The history of the Latvian people begins some four and a half millennia ago with the arrival of the proto-Baltic Indo-Europeans to northern Europe.  One branch of these migrants reached the Baltic coast and coalesced into a community that evolved a distinctive and remarkably robust culture and language.  Over time it developed into a loose federation of tribal kingdoms that stretched from the shores of the Baltic Sea to the upper Dniepr river.  But these small, independent kingdoms were unable to resist the later invasion of the Teutonic Knights with their advanced weaponry in 1201 – an invasion that initiated an era of helotry for the Latvian tribes in their ancestral domains.  Henceforth an unbridgeable chasm would divide them from their invaders.  Whether the foreign power spoke German or Latin (or in the following centuries Polish, Swedish or Russian), on one side stood the conqueror, on the other the native people who clung with ever-increasing tenacity to the one thing the invader could not destroy – their ancient language and the customs and world-view that it embodied.  This in turn preserved a powerful sense of identity which informed and gave impetus to the rise of national consciousness in the nineteenth century and the political activities of the twentieth which brought the modern nation-state of Latvia into being.

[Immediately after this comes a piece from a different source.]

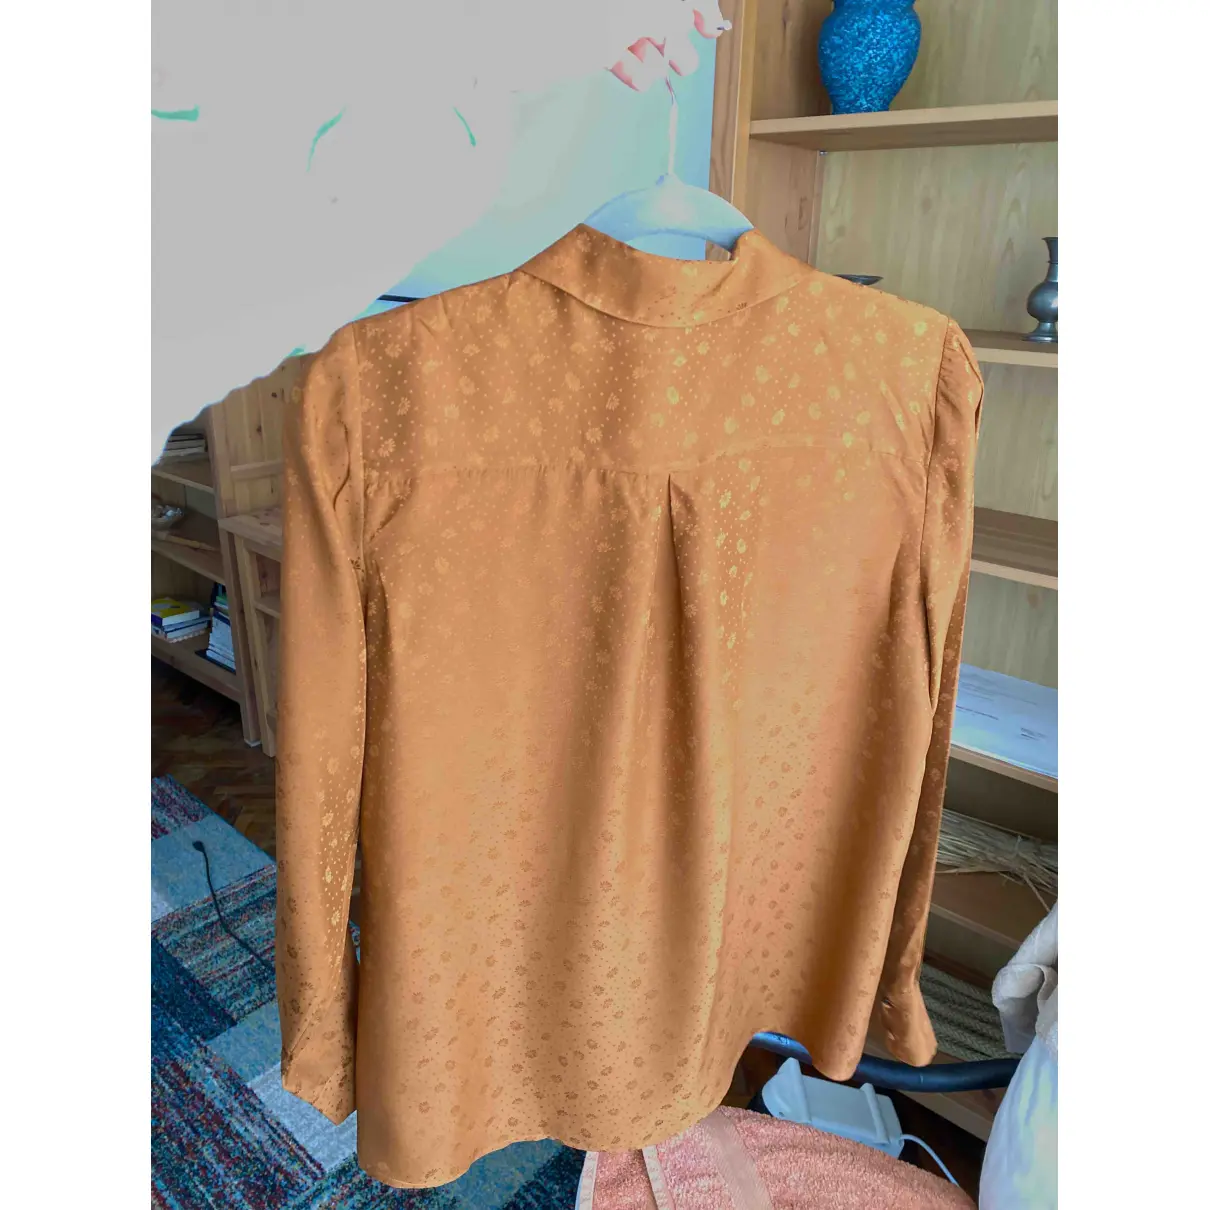 Buy Sézane Spring Summer 2019 silk skirt online

Today Latvia’s flourishing economy is firmly integrated into the European Union: its political sovereignty is guaranteed by NATO and the United Nations, and the nation is free, as never before, to celebrate its heritage and to nurture the homeland that gave rise to it. In less than two decades, Latvia achieved the remarkable feat of effecting a transition from the closed economy and political stagnation of a Soviet state to a western free market economy and a stable political system in line with the tenets of western democracy.  Its capital, Riga, once a premier Hanseatic town and later one of the great Enlightenment cities, is once again a hub of commercial activity with a cosmopolitan population.  The city became European Capital of Culture in 2014 and in the same year Latvia entered the eurozone.  One of the country’s greatest assets is the number and variety of pristine ecosystems which in 2012 achieved the highest international rating for environmental performance.  This emphasis on preserving the natural habitat should come as no surprise, for the landscape was, and continues to be, a powerful integrating factor in the nation’s identity and sense of itself.   

In recent years there has been considerable debate about the nature of nationalism, from the near-universal international support for the nationalist and populist uprisings of the late twentieth century to the more negative senses these terms have acquired in contemporary political discourse.  Indeed, it has been suggested that the age of romantic nationalism has ended, that the future lies with the great superpowers which control our ever more tightly knit global economy.  This may well be the case.  Yet history has shown that empires – whether political, religious or economic – which seemed eternal to those who lived in them, have vanished, and that it is the creative diversity and vigour of national cultures and languages that have survived.  It may be argued with equal cogency that the future health of the world and its peoples, no less than the health of the biosphere which is now threatened with mass species extinction, depends on preserving that human diversity.